Mid Europa Partners seeks to take controlling stakes in its investments either alone or in partnership with other financial or strategic partners. The firm typically invests equity ranging from 25 million to 200 million euro in companies with enterprise values between 100 million and 1.5 billion euro, which are cash-flow generative and have leading market positions in sectors with high barriers to entry.

ATTRACTIVE SECTORS

The most attractive investments in times of market downturn are leading firms in sectors with strong and stable demand like, for example targets in the telecoms and healthcare sectors, Knorr said.

“Whilst no sector has proven entirely immune to the most recent financial and economic crisis, and subsequent recessionary trend in the region over the last twelve months, our sector selections have shown an adequate downside protection.”

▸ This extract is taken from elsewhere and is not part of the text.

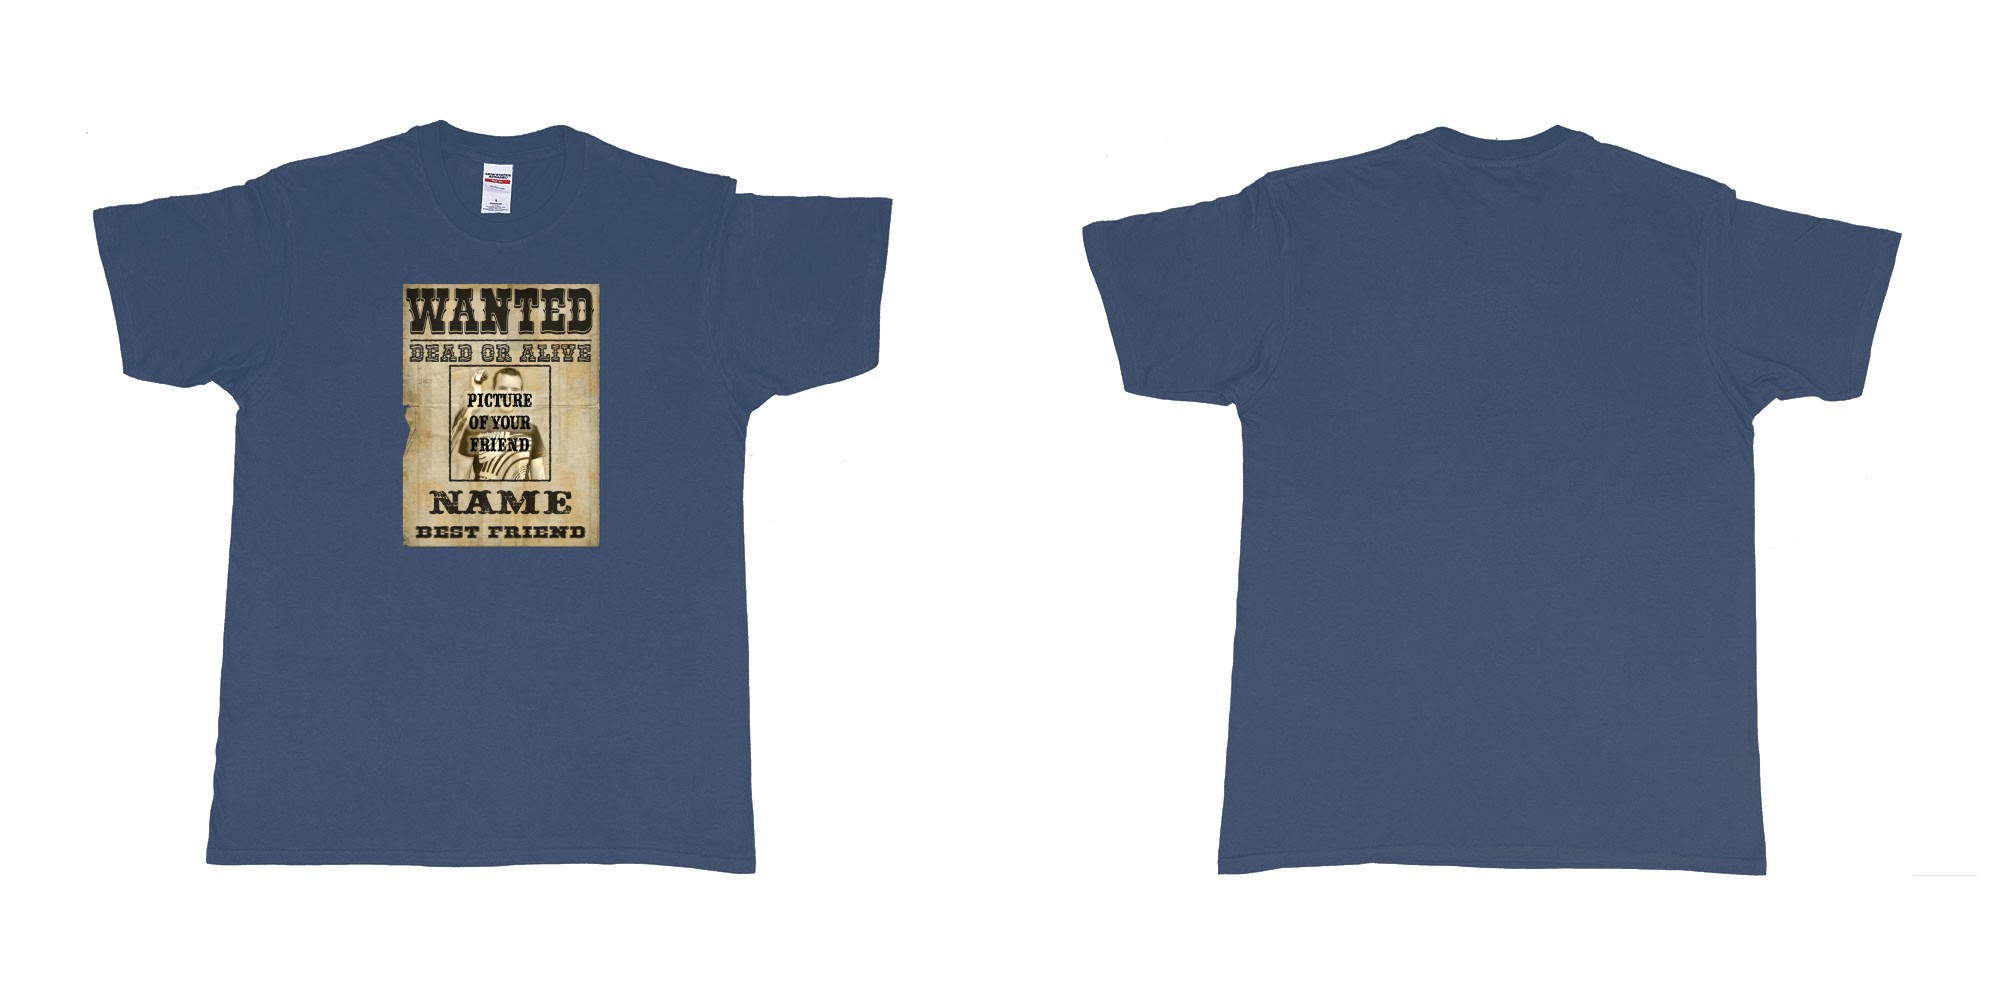 Custom tshirt design Wanted Poster in fabric color navy choice your own text made in Bali by The Pirate Way

The countries in Central and Southeast Europe are interdependent and rely on the global economic recovery to filter into stronger demand for their exports and to return to a healthier level of foreign investments, Knorr said. 

“The corrective growth adjustments currently being experienced across the region are hard to bare, but are necessary to bring these economies to a stable post-crisis growth equilibrium.”

Knorr added that continued fiscal prudence combined with the support of recovering global demand will be key if the current post-crisis stabilisation is to develop into slow, but existent growth in 2010 or 2011.

CHALLENGES

Although the challenges vary from market to market, some of those Mid Europa Partners have faced include underdeveloped local legal and financial statutory frameworks for foreign investments, especially leveraged investments, Knorr said.

The quality of information provided in the acquisition process and the availability of quality management also are among the problems an investor confronts.